У Эйзенхауэра своё деление на людей первого и второго сорта, подумал Монтгомери. Задержка с высадкой на материк и тактика одних лишь укусов в филейную часть немецкого зверя неизбежно повлекут дальнейшие потери у русских. Но американца почему-то это не так волнует, как судьба нескольких поляков на Сицилии.

След от ногтя американского генерала, отметившего на карте зону высадки и развёртывания британской 8-й армии, перечеркнул кружочек городка Пакино пополам.

Глава шестая. «Цитадель» начинается

4 июля 1943 года. Белгород

Накануне решающего наступления на Курск у генерал-фельдмаршала фон Манштейна дико болела голова. В часы, когда он должен был находиться в своём штабе и контролировать последние шаги перед операцией, Гитлер дал «более важное задание». С фюрером не спорят, и командующий южной группировкой бросил войска, чтобы лететь в Бухарест ради награждения маршала Антонеску золотым знаком за крымскую кампанию! После пышных празднеств и обильных возлияний 55-летний фон Манштейн, обычно не перебиравший, чувствовал себя отвратительно. В «юнкерсе» немилосердно болтало, и когда самолёт поздно вечером 3 июля приземлился в Белгороде, немецкий командующий был готов рвать голыми руками и своих, и чужих…

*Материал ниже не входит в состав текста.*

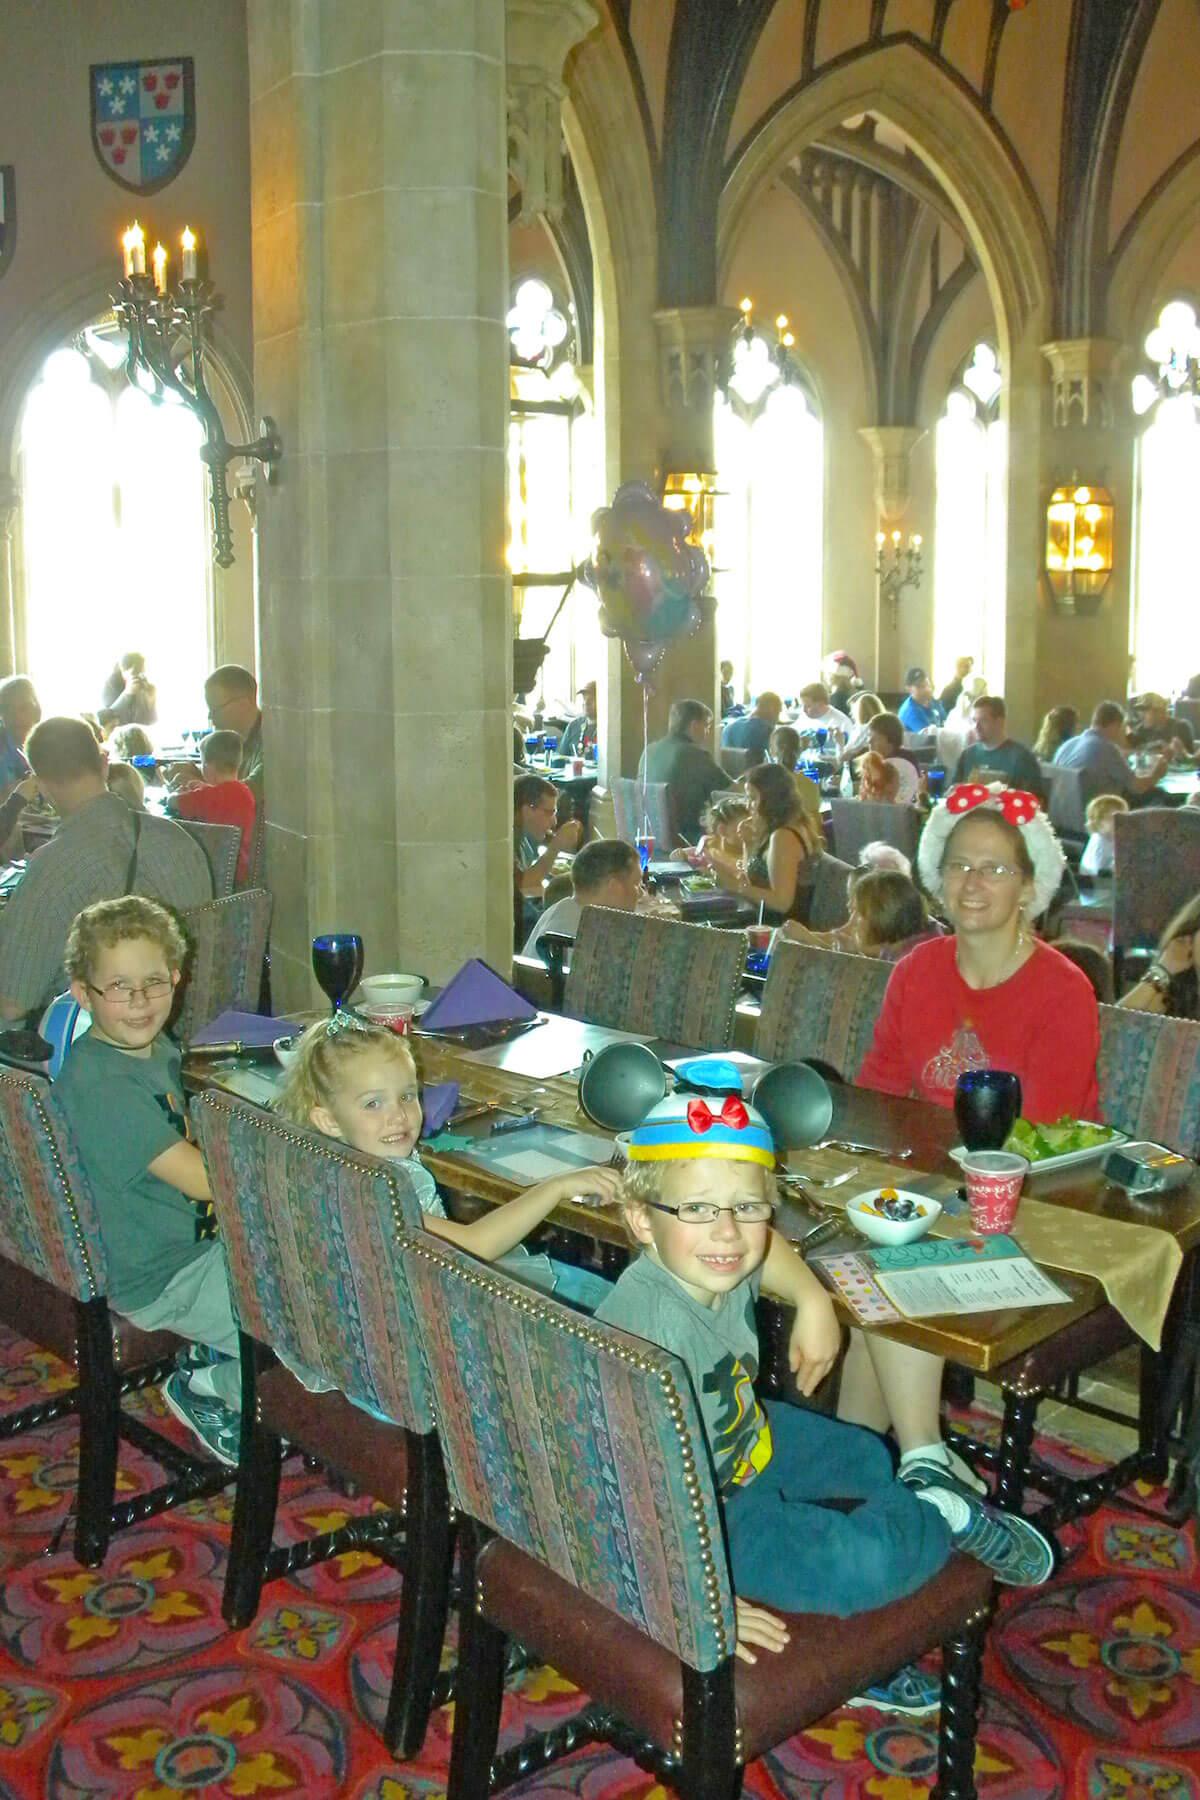 Disney World planning timeline - Cinderella's Royal Table

Вызванные среди ночи командиры танковых корпусов торопливо докладывали о последних приготовлениях. Всё, что можно было сосредоточить для удара на север, находилось в состоянии низкого старта, командовавший 2-м танковым корпусом СС обергруппенфюрер Хауссер заверял – после артподготовки и массированного налёта авиации наступление на Обоянь можно начинать уже сегодня, и потребовались усилия, чтобы осадить самоуверенного эсэсовца.

– Нет, абсолютно невозможно. Фюрер лично назначил дату операции – 5 июля.

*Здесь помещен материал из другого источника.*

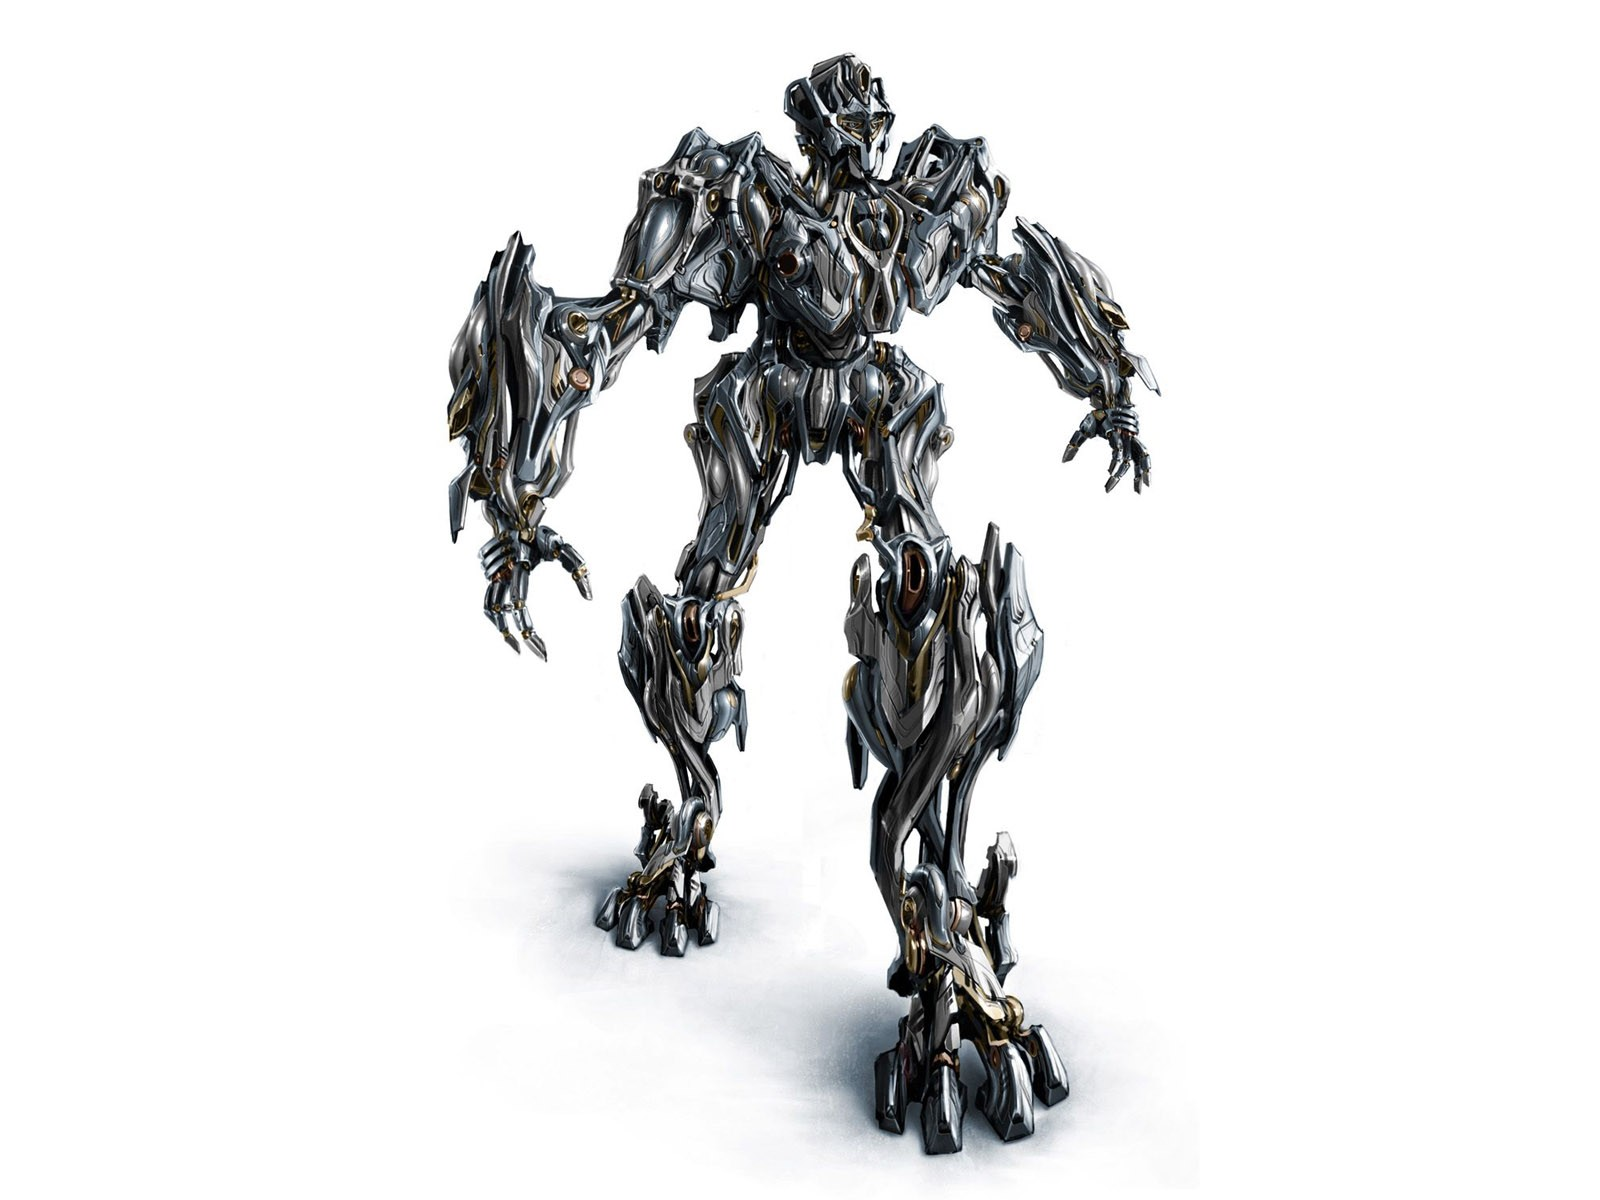 image transformers 1 transformers - movies movies

Фон Манштейн одобрил только локальные выпады 4-й танковой армии вдоль линии соприкосновения с 6-й гвардейской армией русских, где немецкие части находились на невыгодных исходных рубежах, полоса обороны противника не просматривалась, артиллерией обстреливалась наугад.

– Помните нашу главную задачу, господа. Наша 4-я танковая армия прорывает оборону противника в направлении на Курск, продвигаясь через рубеж Марьино – Обоянь, потом как можно быстрее устанавливает связь с наступающей с севера 9-й армией. Все остальные направления и задачи – второстепенные.

Отпустив генералов, фельдмаршал вперился взглядом в карту со свежими карандашными отметками расположения танковых дивизий. Сил много, но сил не хватает! Фюрер не дал практически ничего из группы «Центр», где больше войск и техники на километр фронта. До сих пор держит армию у Новороссийска, всё ещё надеясь через тот плацдарм вернуться на Кавказ. По-прежнему множество соединений ждёт своего часа в Европе, перекрывая всё южное и западное побережье в страхе перед гипотетической высадкой союзников.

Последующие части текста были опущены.